I’m not actually saying that. Here’s what I would say: Partitioning the world into genes and environment is a pretty crude strategy, and misses out on how things actually work. Heritability estimates are not absolute figures but a rough guide to what sorts of traits are more heritable than others. Height, for example, appears more heritable than weight.
Also, saying something is genetic doesn’t mean you are analyzing the “difference that makes a difference.” For example, language ability is surely largely genetic—after all, other species don’t speak full-blown languages, only humans. However, what really matters in today’s world is what language you speak—English versus Spanish versus Mandarin versus Arabic versus Persian.
So is obesity a problem of species differences, that humans are relatively fat compared to other species and now live in an “obesogenic” environment? Or is obesity a problem of cultural variations, of patterns of development and of eating, of historical environments that push sugar and other profit-oriented products? Myself, I’d take the Super Size Me version—that it is the everyday dimensions of obesity, and not solely the genetic dimensions of obesity, that play a more determinative role in who has a problem or not.
Do those everyday dimensions play out against significant biological variation? Most definitely yes. Can we use our understanding of that variation to understand that “will power” or the “perfect” diet won’t be as effective for most people on the “wrong” side of that variation? Here I’ll offer a more qualified yes, because this question, unlike the first one, frames the problem as nature versus nurture. And obesity involves both nature and nurture and their significant interactions.
Molecular genetic and biological mechanism research actually point to significant variation in “obesity” that is important. A small percentage of obese individuals have “genetic obesity syndromes” (Farooqi & O’Rahilly 2007), for example, congenital leptin deficiency. So it’s certainly not a one-size fits all approach. However, this is precisely what the measurement of BMI does, give a number to a person irrespective of age, gender, muscle-building activities, or any number of other things found to shape BMI scores.
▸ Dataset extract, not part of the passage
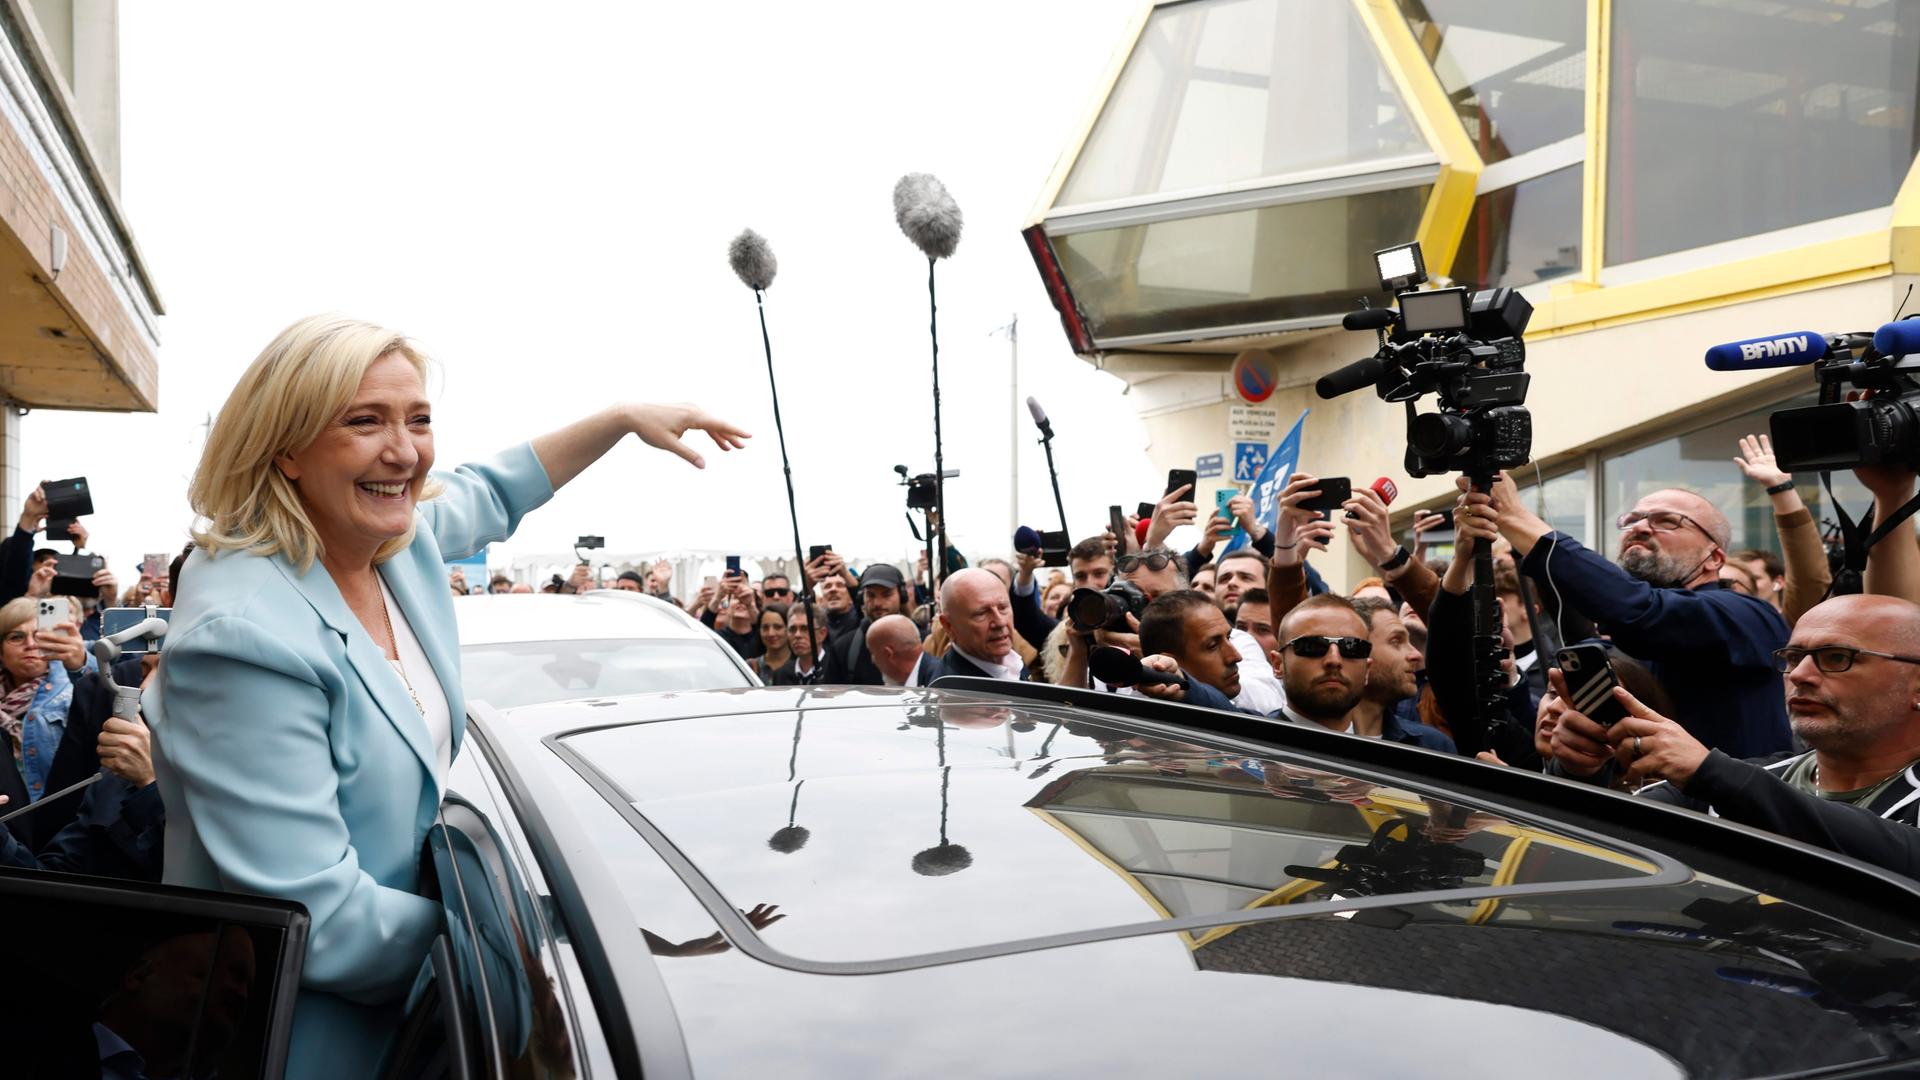 Marine Le Pen steht lachend in einer Menschenmenge, umgeben auch von zahlreichen Journalisten

In reviewing the genetic research, what I did find striking is the conclusion that in most cases, obesity appears to be driven more by regulation of appetite and energy intake (Farooqi & O’Rahilly 2007). As these authors write, “The genetic defects found to date all impair satiety, affecting the function of appetite control centres in the brain rather than being due to a ‘slow metabolism.’ This indicates that we must think of human food intake not as an entirely voluntarily controllable phenomenon but one driven by powerful biological signals from relatively primitive brain areas. When these basic signaling mechanisms are severely disrupted, it is very difficult to overcome the drive to eat (38).”
Kolata’s book is filled with stories of people who successfully lose weight and then gain it back, driven by hunger. Even though from the outside it might appear that they are not hungry—how could they be, all that extra weight?—their bodies respond as if they are hungry, as if they don’t have enough energy or even that they are starving. It is one of the most convincing parts of her book, how she brings together the research evidence showing how heavier subjects react to weight loss like thin people put on starvation diets and the descriptions of struggles with weight loss and the powerful urges to eat described by the people in her book.